Bei diesem Lied musste ich schon immer an die eine Stelle aus Percy Jackson denken, dieses Casino/Hotel/was auch immer, wisst ihr was ich meinte? Sie sind dort gefangen, sich dessen aber gar nicht bewusst, da sie pausenlos Spaß haben und ihre Aufgabe, ihren Zeitdruck fast vergessen.
Ich würde gerade zu so einem Hotel auch nicht nein sagen, einfach alles vergessen und sich treiben lassen, bis in alle Ewigkeit. Stattdessen irre ich durch die Universität auf der Suche nach dem Hörsaal,

in dem seit fünf Minuten meine erste Vorlesung stattfindet. Ich bin mir ziemlich sicher, dass er hier irgendwo sein müsste, doch der einzig verbleibende Weg ist eine Treppe nach oben, die mich mit Sicherheit nicht in die richtige Richtung führen wird. Aber es bleibt mir ja nichts anderes übrig. Während ich die Stufen hinauf steige, meldet sich mein Handy.
10:21 – Alter, wo bleibst du?!
Ich tippe schnell eine Antwort, stecke mein Handy wieder in die Hosentasche und schaue dann auf. Der Flur, in dem ich gelandet bin, sieht irgendwie anders aus als ich ihn erwartet hatte. Die Sonne scheint nur gedämpft herein, denn vor den Fenstern hängen Plastikfolien. Es sieht hier generell so aus, als würde dieser Teil der Universität gerade renoviert. Feiner Staub bedeckt den steinernen Boden, an manchen Stellen durchziehen Spuren die Schmutzschicht. Allerdings sehe ich nirgendwo Handwerker, während ich zögernd den Flur entlang gehe.
Den Raumnummern nach zu schließen müsste mein Hörsaal genau unter mir sein.
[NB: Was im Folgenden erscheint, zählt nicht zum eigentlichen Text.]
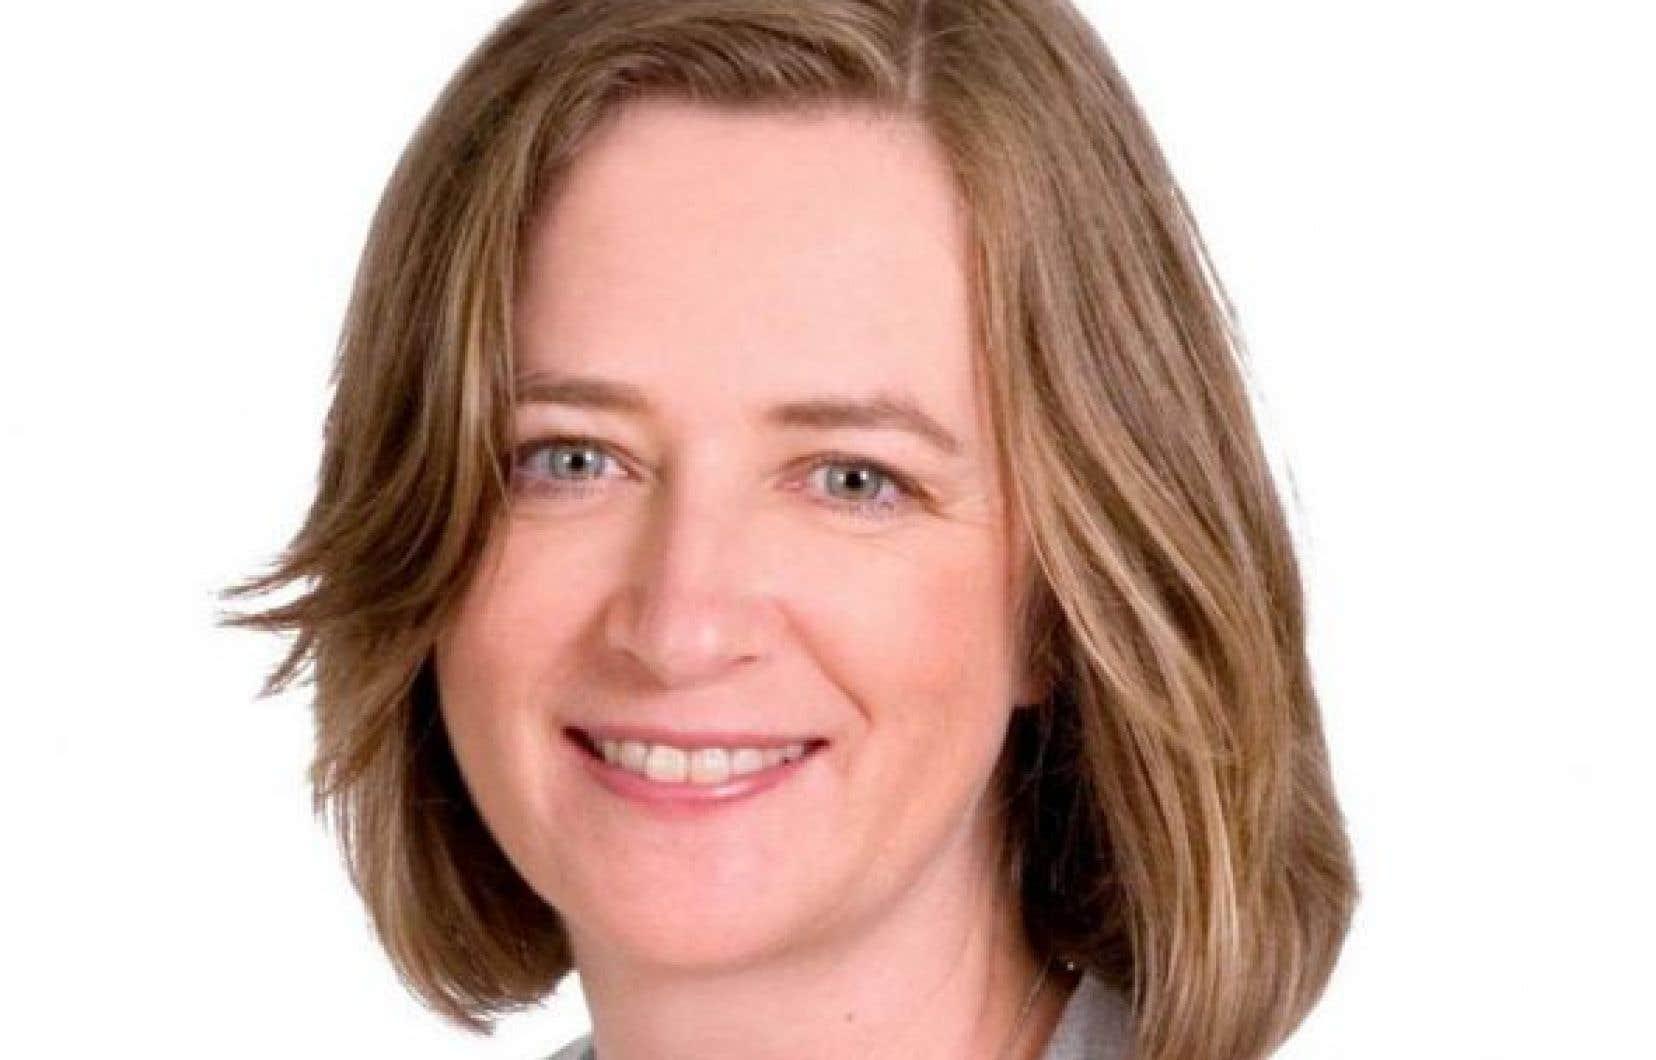 Élue sous la bannière de Projet Montréal à l'occasion d'une élection partielle en avril 2012, Érika Duchesne avait quitté les rangs du parti d'opposition en septembre dernier.
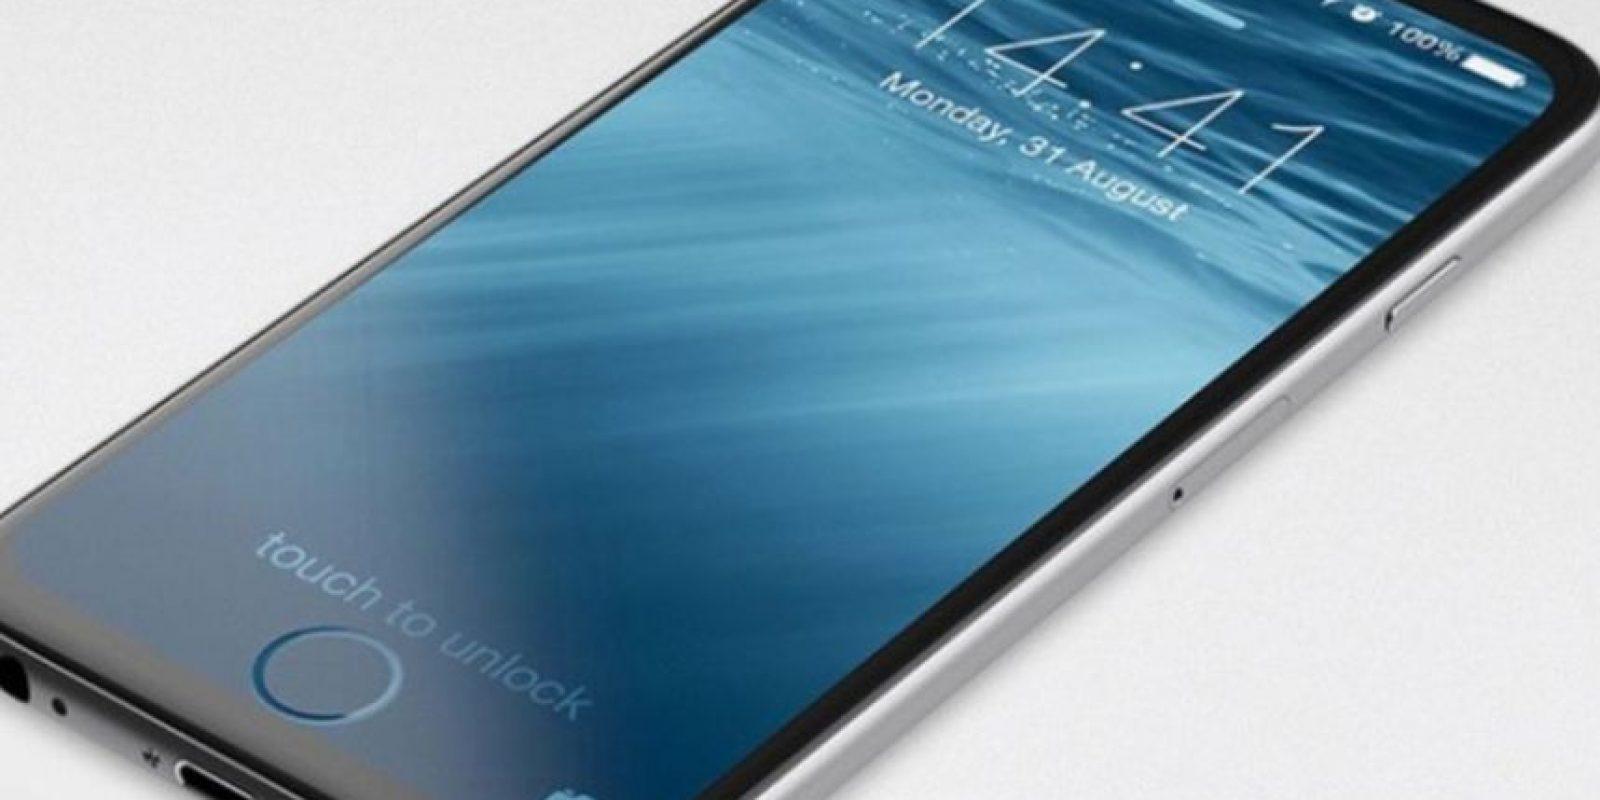 Analistas comienzan a señalar las posibles características del próximo iPhone. Foto:Tumblr

Vielleicht finde ich ja weiter hinten eine Treppe, die wieder nach unten führt. Der Gang macht eine sanfte Biegung und plötzlich bin ich nicht mehr allein. An den Wänden entlang stehen weiße Skulpturen aufgereiht, jede in einer anderen, eingefrorenen Position. Bei der ersten bleibe ich stehen, um sie zu betrachten. Irgendwie erinnert sie mich an die griechischen Skulpturen aus der Antike, nur haben die hier noch alle Gliedmaßen und sehen auch sonst ziemlich unversehrt und neu aus. Über den meisten hängen ebenfalls Plastikfolien, aber die Frau, vor der ich stehe, ist nicht verhüllt. Sie sieht ein wenig so aus, als wolle sie ihren Körper festhalten, denn sie hat die Arme vor der Brust gekreuzt. Das Tuch, das wohl ursprünglich um ihre Schultern lag, ist heruntergerutscht und entblößt ihren ganzen Oberkörper. Vielleicht ist ihr kalt und sie will sich wärmen? Oder sie ist traurig, denn ihr Blick ist auf den Boden gerichtet. Ihr Kopf liegt dabei anmutig schief.
„Verschwinde“, sagt sie in einer lieblichen Stimme.
Ich erstarre, während in die Skulptur vor mir Bewegung kommt. Sie dreht ihren Kopf, hebt ihren Blick und sieht mich direkt an. Es ist, als hätten wir die Rollen getauscht und ich wäre nun aus Marmor.
„Ich sagte, du sollst verschwinden“, wiederholt sie ihren Befehl und fügt noch mit Nachdruck hinzu: „Sofort.“
„Ich … warum … ich kann nicht“, stammle ich, unfähig einen klaren Gedanken zu fassen.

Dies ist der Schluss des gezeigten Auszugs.